> **Data for review**
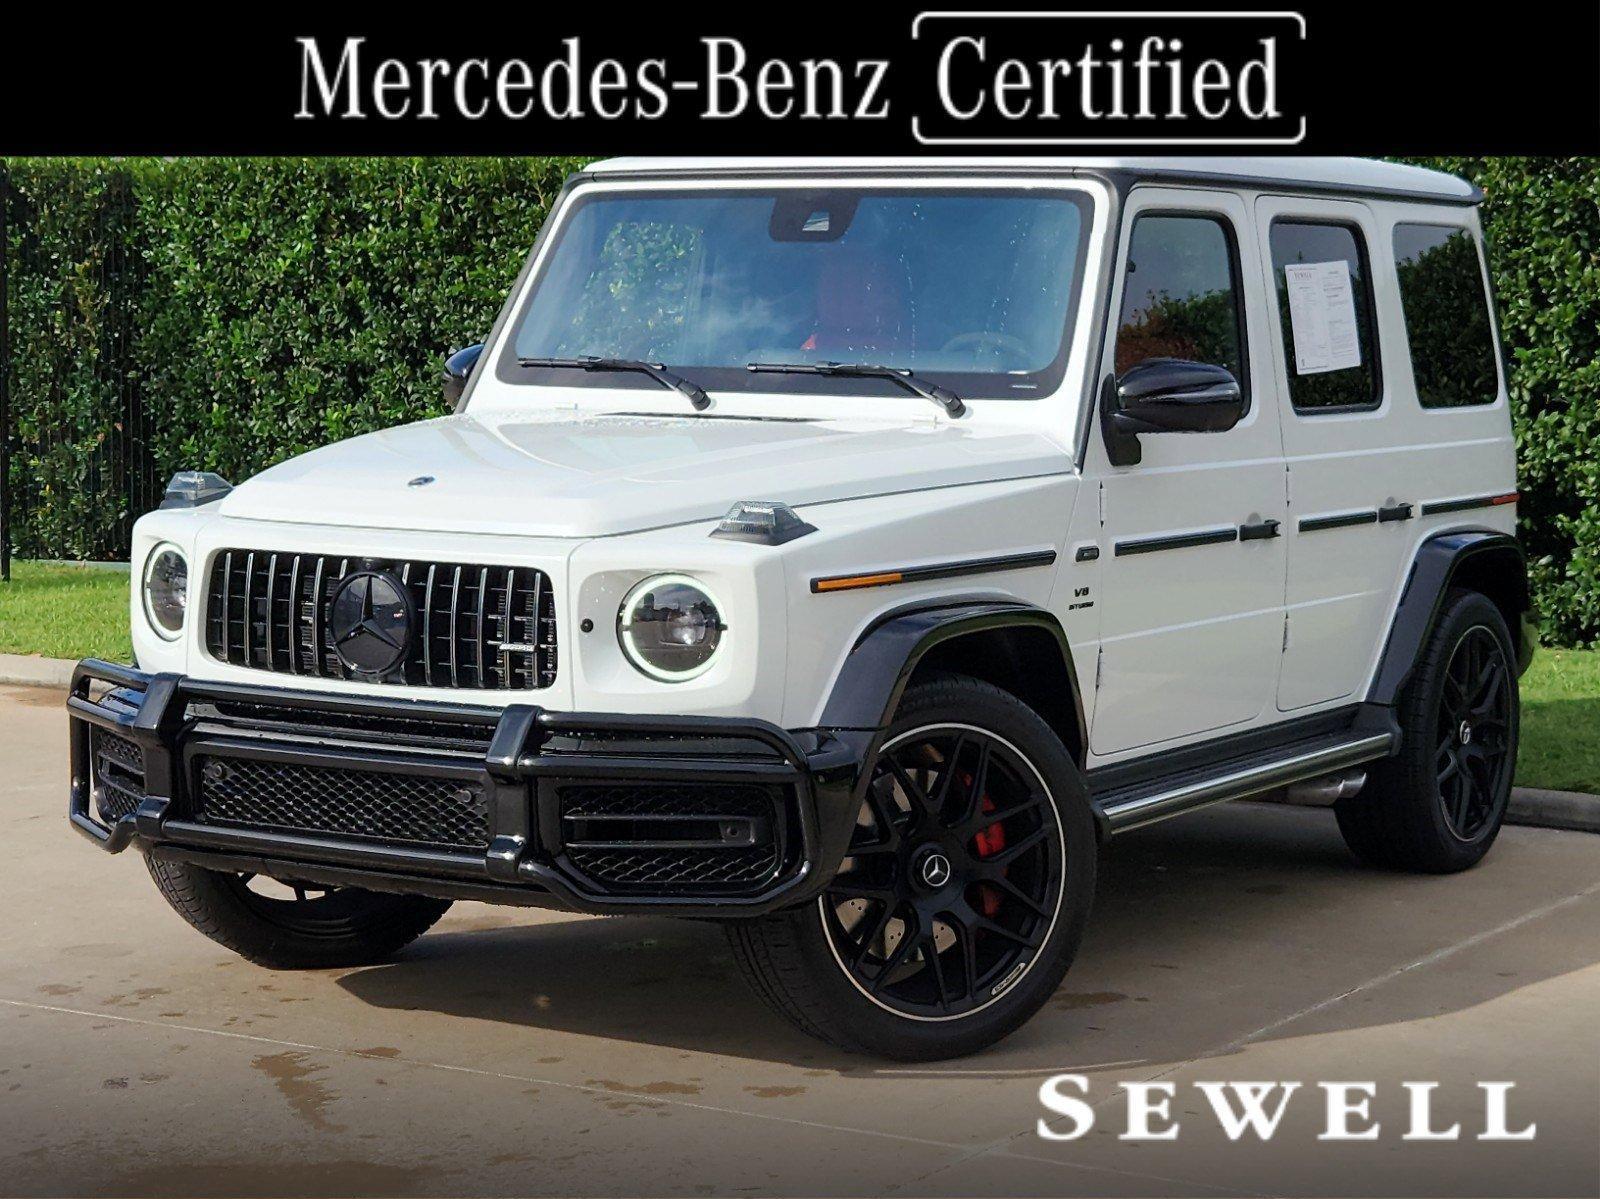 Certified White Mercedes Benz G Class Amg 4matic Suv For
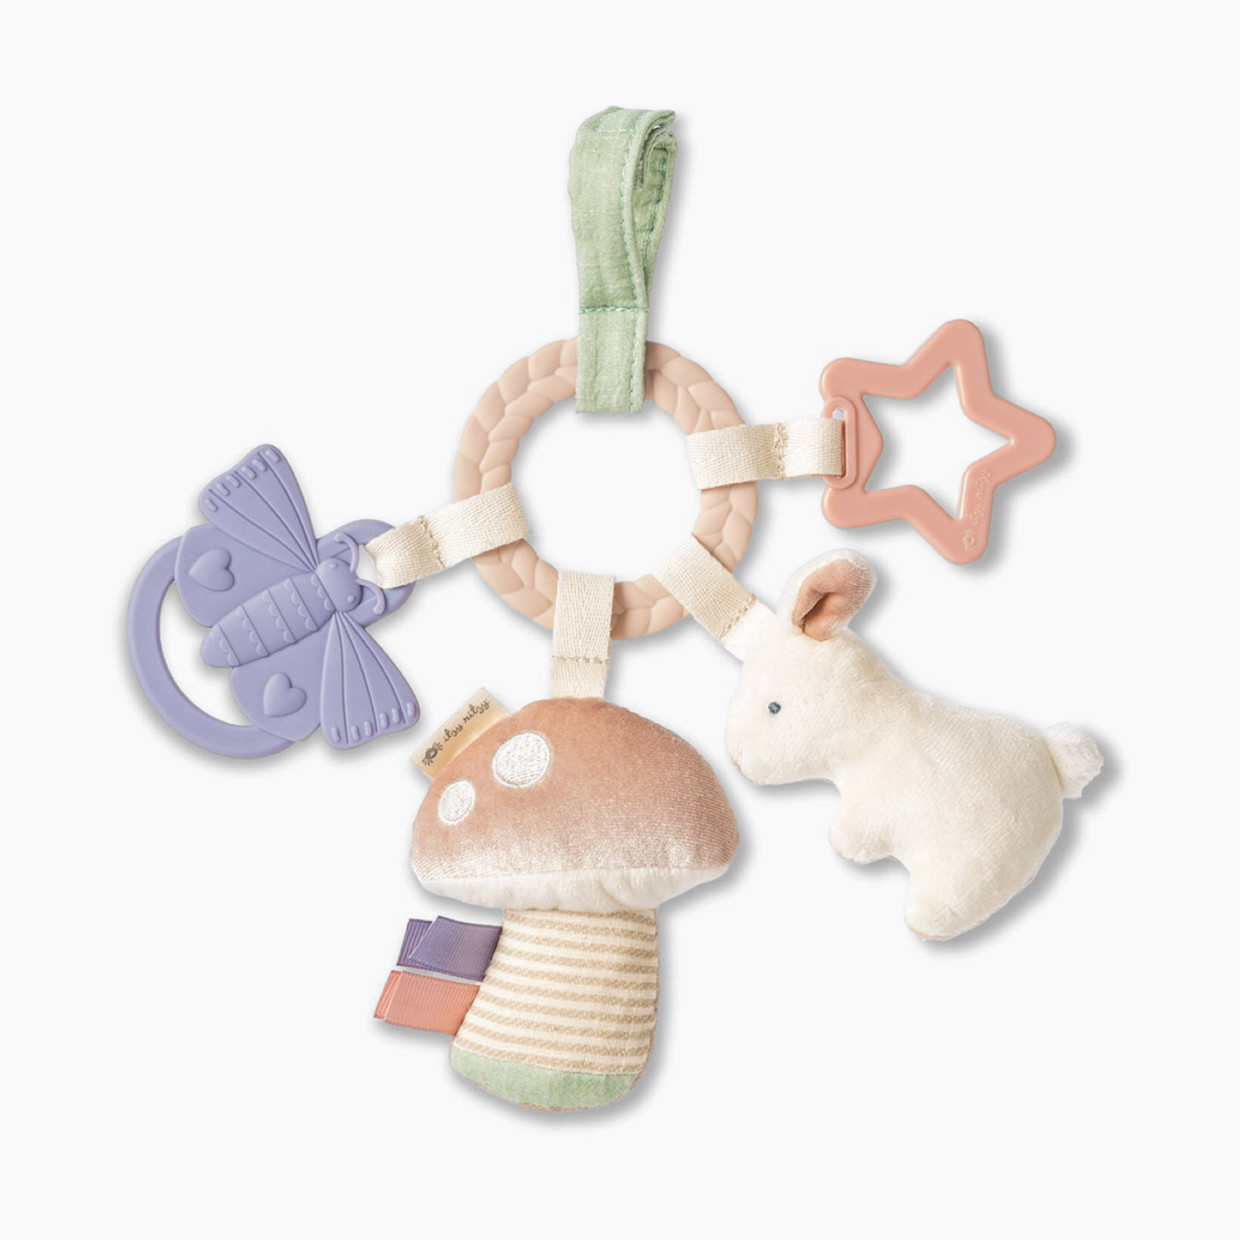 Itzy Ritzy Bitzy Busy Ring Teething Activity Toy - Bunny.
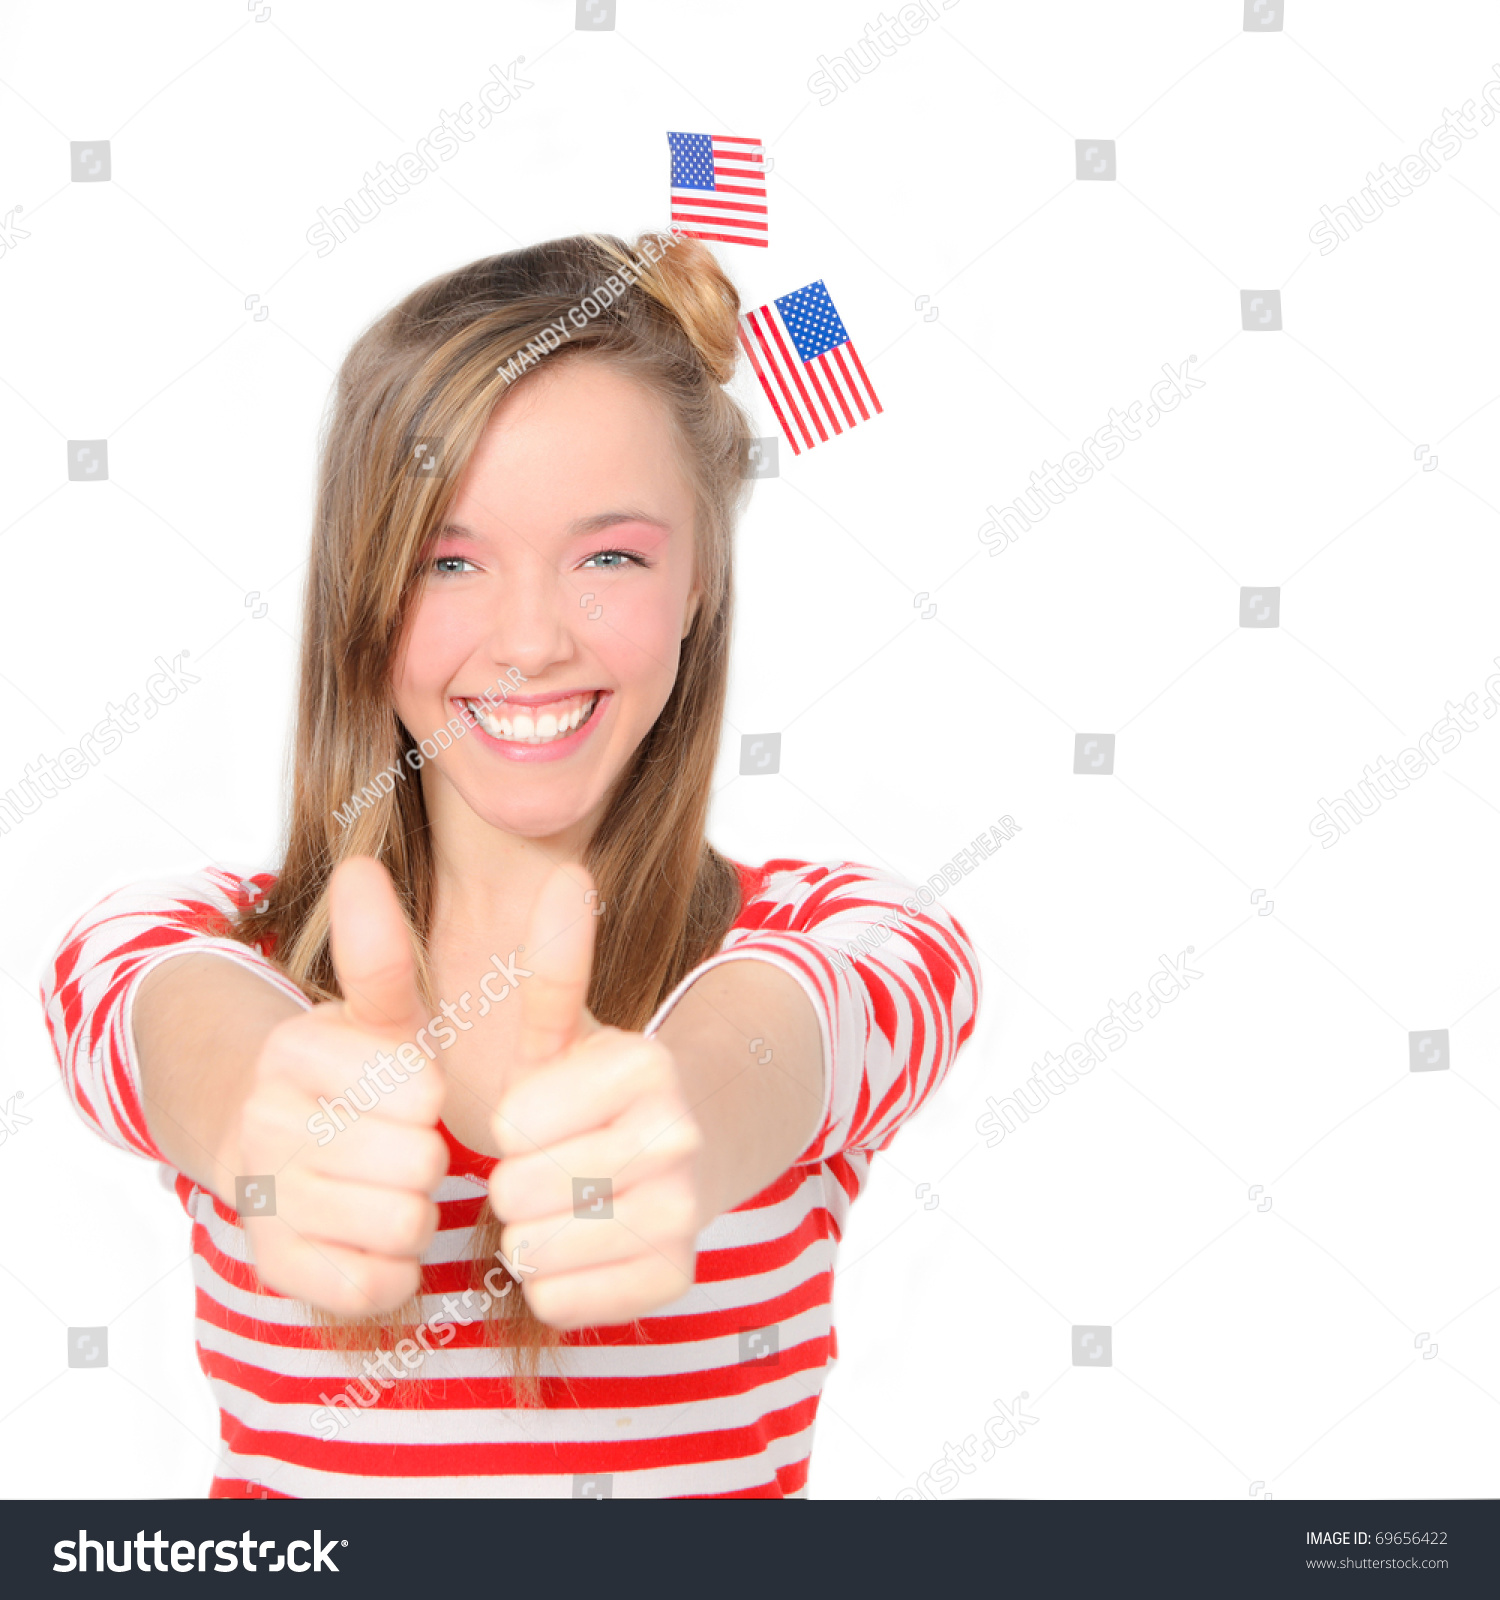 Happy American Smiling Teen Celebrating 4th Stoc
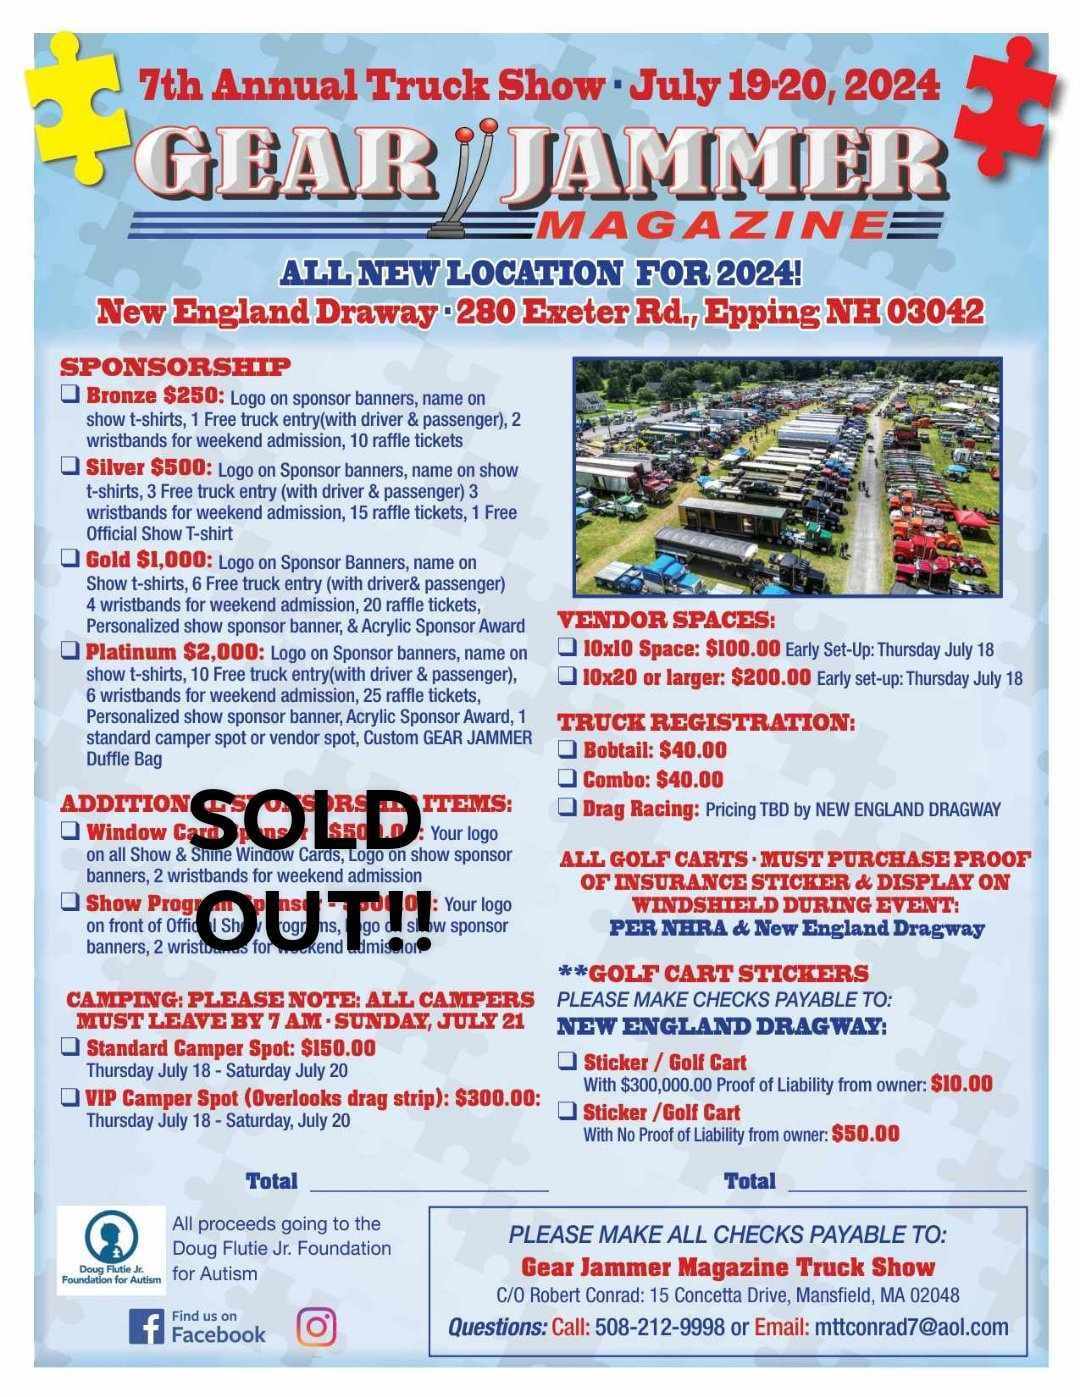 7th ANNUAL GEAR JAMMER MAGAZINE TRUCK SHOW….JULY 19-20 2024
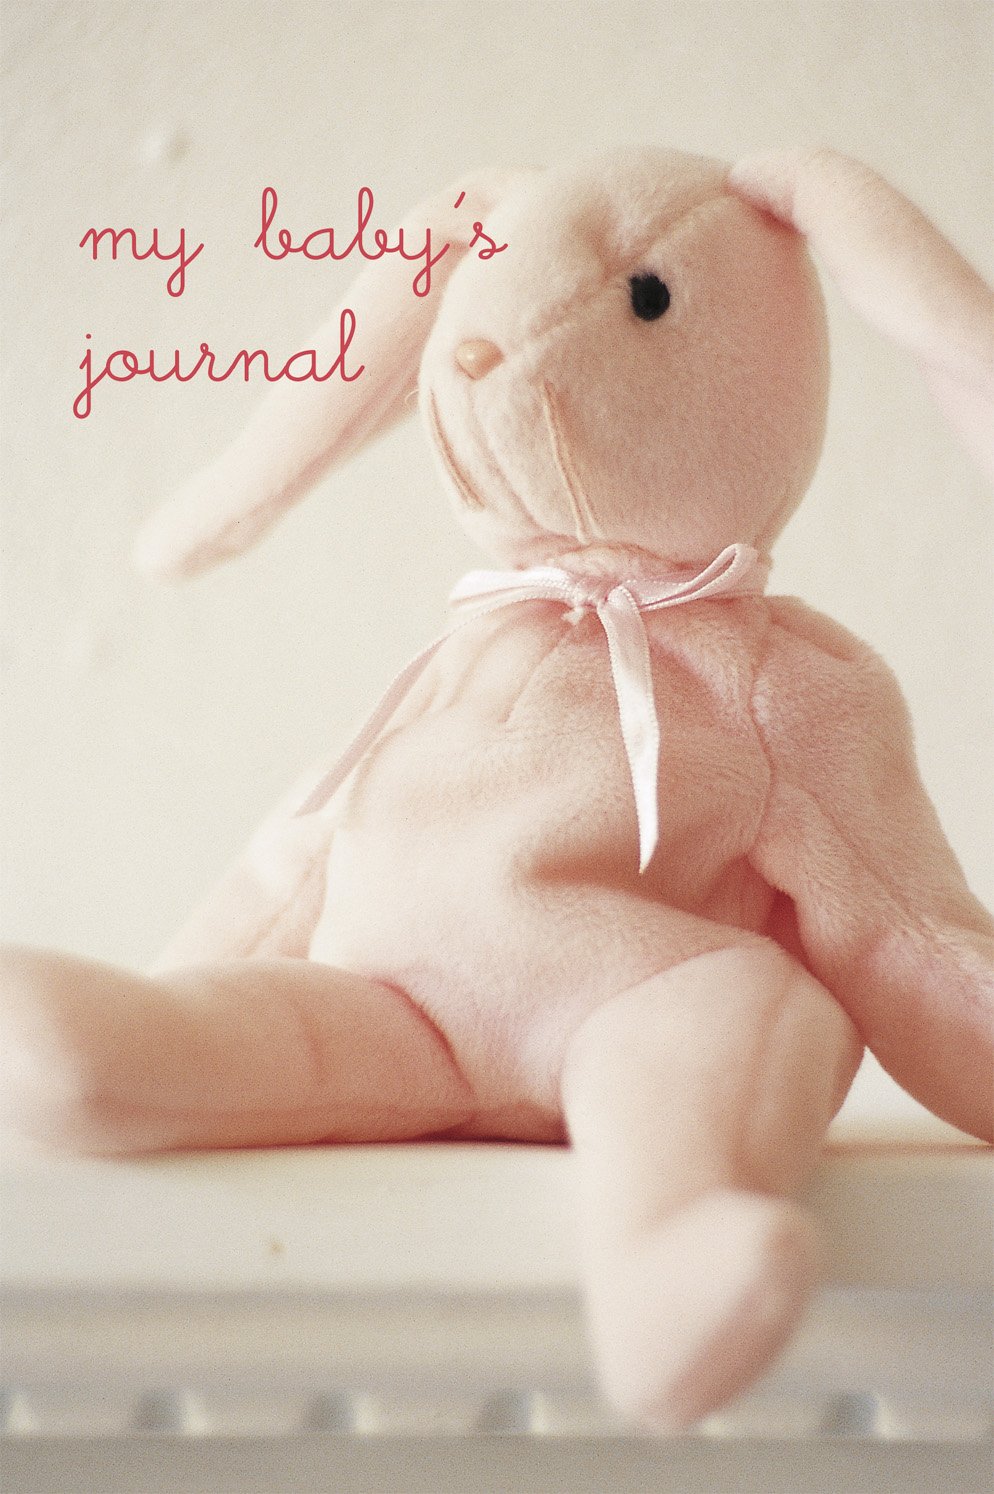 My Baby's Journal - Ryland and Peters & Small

> **Exercise instructions**
The whole listing above, line by line, needs to be copied exactly, except for any images.

> **Completed exercise**
 Certified White Mercedes Benz G Class Amg 4matic Suv For
 Itzy Ritzy Bitzy Busy Ring Teething Activity Toy - Bunny.
 Happy American Smiling Teen Celebrating 4th Stoc
 7th ANNUAL GEAR JAMMER MAGAZINE TRUCK SHOW….JULY 19-20 2024
 My Baby's Journal - Ryland and Peters & Small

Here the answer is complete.